The @Bean is scan, but I get the same exception.

And if I set this piece of code in the constructor of the FirstServiceImpl, it works (without Autowired) but I don´t think that is the best approach, because I would like to use the annotations.

GenericXmlApplicationContext ctx = new GenericXmlApplicationContext();
ctx.load("classpath:application-context.xml");
ctx.refresh();
firstDAO = ctx.getBean("firstDAO", FirstDAO.class);
ctx.close();

How can I get the firstDAO with the @Autowired annotation and without the above code? How should I manage the application-context? I really appreciate any critic.

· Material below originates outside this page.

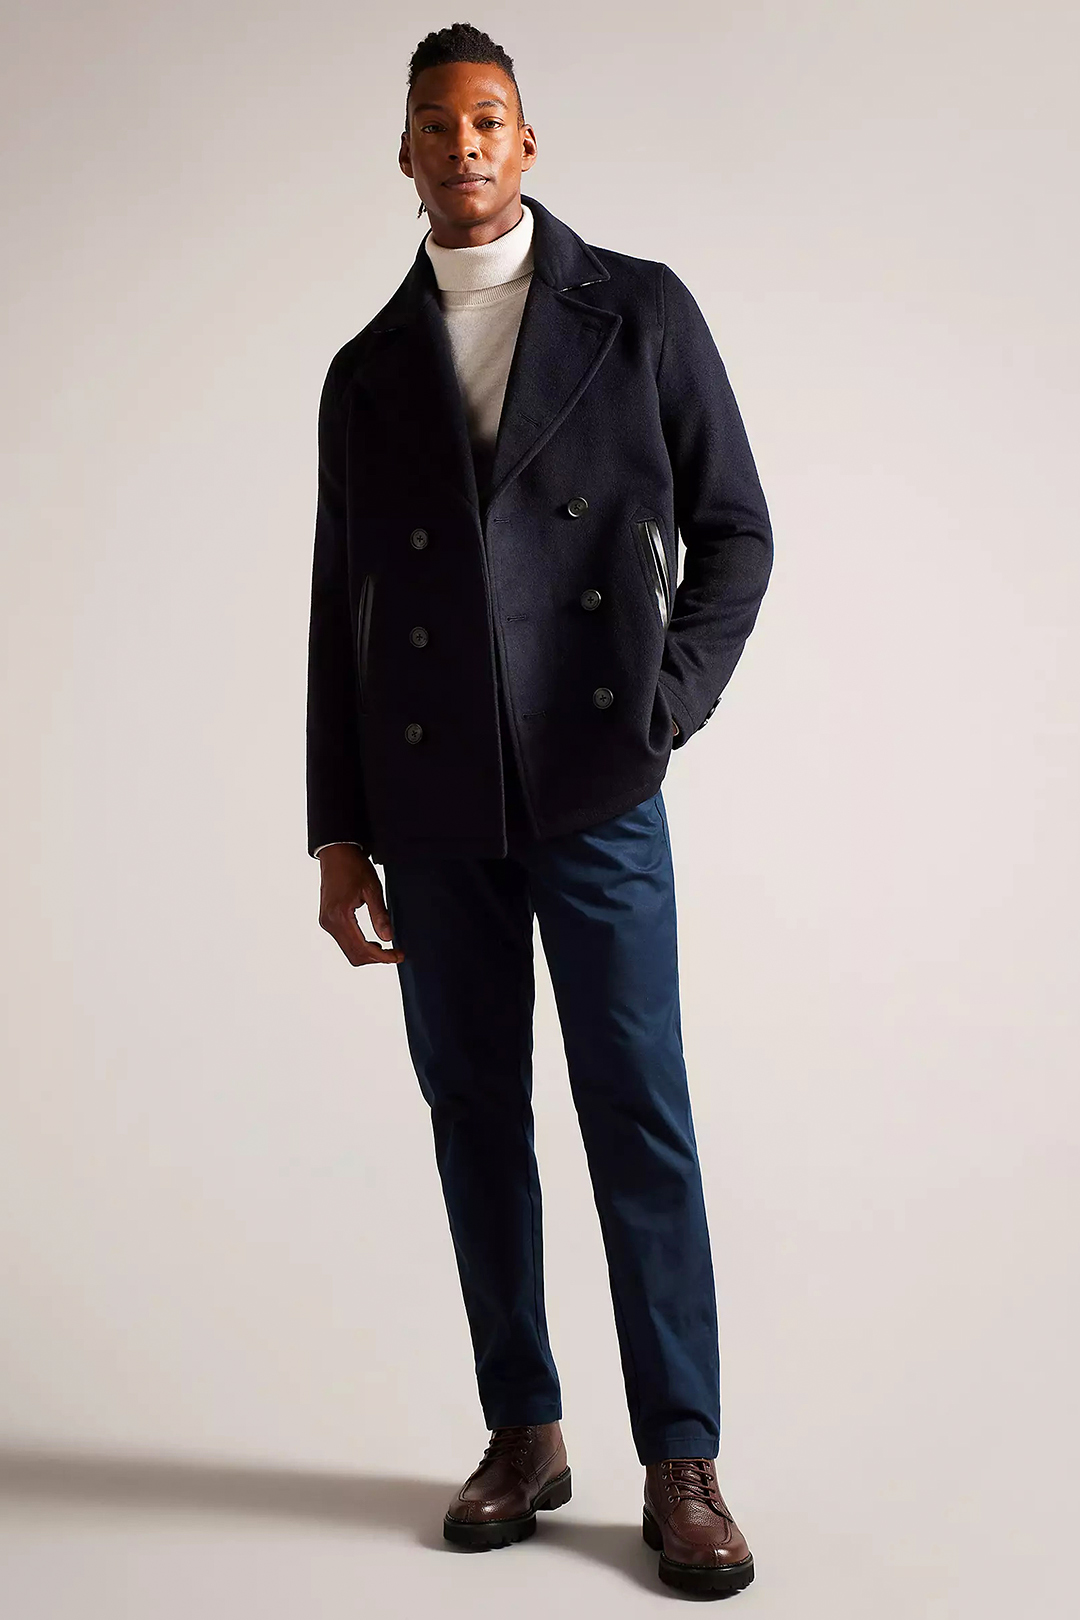 Navy pea coat, white turtleneck, blue dress pants, and brown lace up boots outfit

The @Autowired annotation will not work on components that aren't initialized by the Spring container. You are creating the FirstServiceImpl by hand, calling a parametrized constructor. Spring components also need a constructor which takes no arguments (the default constructor will also work if you do not explicitly specify one) because of the mechanism that Spring uses to create them (by reflection). You shall annotate you service classes with the @Service and your DAOs with the @Repository annotation to work properly. The main thing that you have to remember is to let Spring initialize as much components (services, DAOs, other beans) as possible. Therefore you can @Autowire them into other Spring components.